Nitrogen zephyr log shows:

*** Booting Zephyr OS build v2.5.0-rc4  ***
Bluetooth initialized
Advertising successfully started
[00:00:00.394,897] <inf> bt_hci_core: HW Platform: Nordic Semiconductor (0x0002)
[00:00:00.394,927] <inf> bt_hci_core: HW Variant: nRF52x (0x0002)
[00:00:00.394,927] <inf> bt_hci_core: Firmware: Standard Bluetooth controller (0x00) Version 2.5 Build 0
[00:00:00.395,538] <inf> bt_hci_core: Identity: C5:AE:65:1D:0B:45 (random)
[00:00:00.395,568] <inf> bt_hci_core: HCI: version 5.2 (0x0b) revision 0x0000, manufacturer 0x05f1
[00:00:00.395,568] <inf> bt_hci_core: LMP: version 5.2 (0x0b) subver 0xffff
Connected
Disconnected (reason 0x08)

btmon logs from the Linux Central are as follows:

@ MGMT Event: Device Connected (0x000b) plen 24                                      {0x0001} [hci0] 22.163996
        LE Address: C5:AE:65:1D:0B:45 (Static)
        Flags: 0x00000000
        Data length: 11
        Flags: 0x06
          LE General Discoverable Mode
          BR/EDR Not Supported
        16-bit Service UUIDs (complete): 3 entries
          Heart Rate (0x180d)
          Battery Service (0x180f)
          Device Information (0x180a)
< HCI Command: LE Read Remote Used Features (0x08|0x0016) plen 2                          #30 [hci0] 22.164216
        Handle: 3585
> HCI Event: Command Status (0x0f) plen 4                                                 #31 [hci0] 22.164812
      LE Read Remote Used Features (0x08|0x0016) ncmd 1
        Status: Success (0x00)
> HCI Event: LE Meta Event (0x3e) plen 12                                                 #32 [hci0] 22.581889
      LE Read Remote Used Features (0x04)
        Status: Connection Timeout (0x08)
        Handle: 3585
        Features: 0x00 0x00 0x00 0x00 0x00 0x00 0x00 0x00
> HCI Event: Disconnect Complete (0x05) plen 4                                            #33 [hci0] 22.582808
        Status: Success (0x00)
        Handle: 3585
        Reason: Connection Timeout (0x08)
@ MGMT Event: Device Disconnected (0x000c) plen 8                                    {0x0002} [hci0] 22.600792
        LE Address: C5:AE:65:1D:0B:45 (Static)
        Reason: Connection timeout (0x01)
@ MGMT Event: Device Disconnected (0x000c) plen 8                                    {0x0001} [hci0] 22.600792
        LE Address: C5:AE:65:1D:0B:45 (Static)
        Reason: Connection timeout (0x01)
@ MGMT Command: Start Discovery (0x0023) plen 1                                      {0x0001} [hci0] 27.575266
        Address type: 0x07
          BR/EDR
          LE Public
          LE Random
< HCI Command: LE Set Random Address (0x08|0x0005) plen 6                                 #34 [hci0] 27.575362
        Address: 31:C7:22:EE:87:EC (Non-Resolvable)
> HCI Event: Command Complete (0x0e) plen 4                                               #35 [hci0] 27.689754
      LE Set Random Address (0x08|0x0005) ncmd 1
        Status: Success (0x00)
< HCI Command: LE Set Scan Parameters (0x08|0x000b) plen 7                                #36 [hci0] 27.689848
        Type: Active (0x01)
        Interval: 22.500 msec (0x0024)
        Window: 11.250 msec (0x0012)
        Own address type: Random (0x01)
        Filter policy: Accept all advertisement (0x00)

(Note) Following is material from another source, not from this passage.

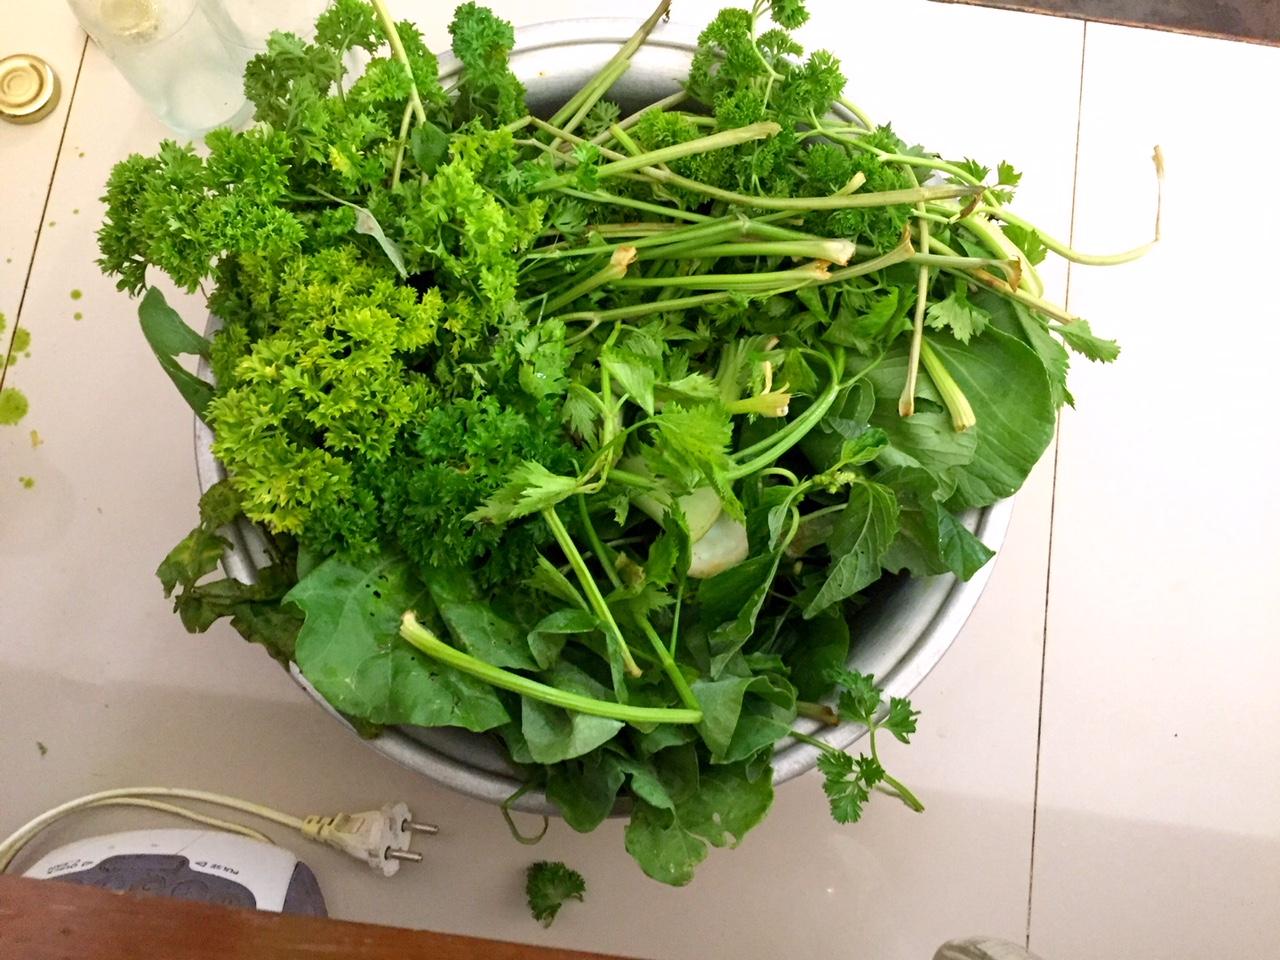 Zutaten für den grünen Saft.

Another piece of information: All the laptops that had problems connecting to Nitrogen peripheral were running Intel chipsets.

nRF sniffer logs are here (just remove .zip extension): v1.1-board-zephyr-2.5-rc4-samsung-laptop.pcapng.zip

cvinayak commented 3 years ago

The supervision timeout happens at the central as it thinks it is not receiving responses from the peripheral. Clearly, the sniffer can see the responses. image

cvinayak commented 3 years ago

@agherzan and @idlethread any updates ? is this still a zephyr issue?

carlescufi commented 3 years ago

Closing this due to reporter inactivity. Feel free to reopen if this is still an issue.

idlethread commented 3 years ago

We tracked this down to intel bluetooth controllers (and firmware) on the host PC as being the common reason for failures. We haven't yet spent time trying to run the latest bluetooth stack on those hosts to see if it made the problem go away. That is still pending on us.

We saw no issues with a different controller.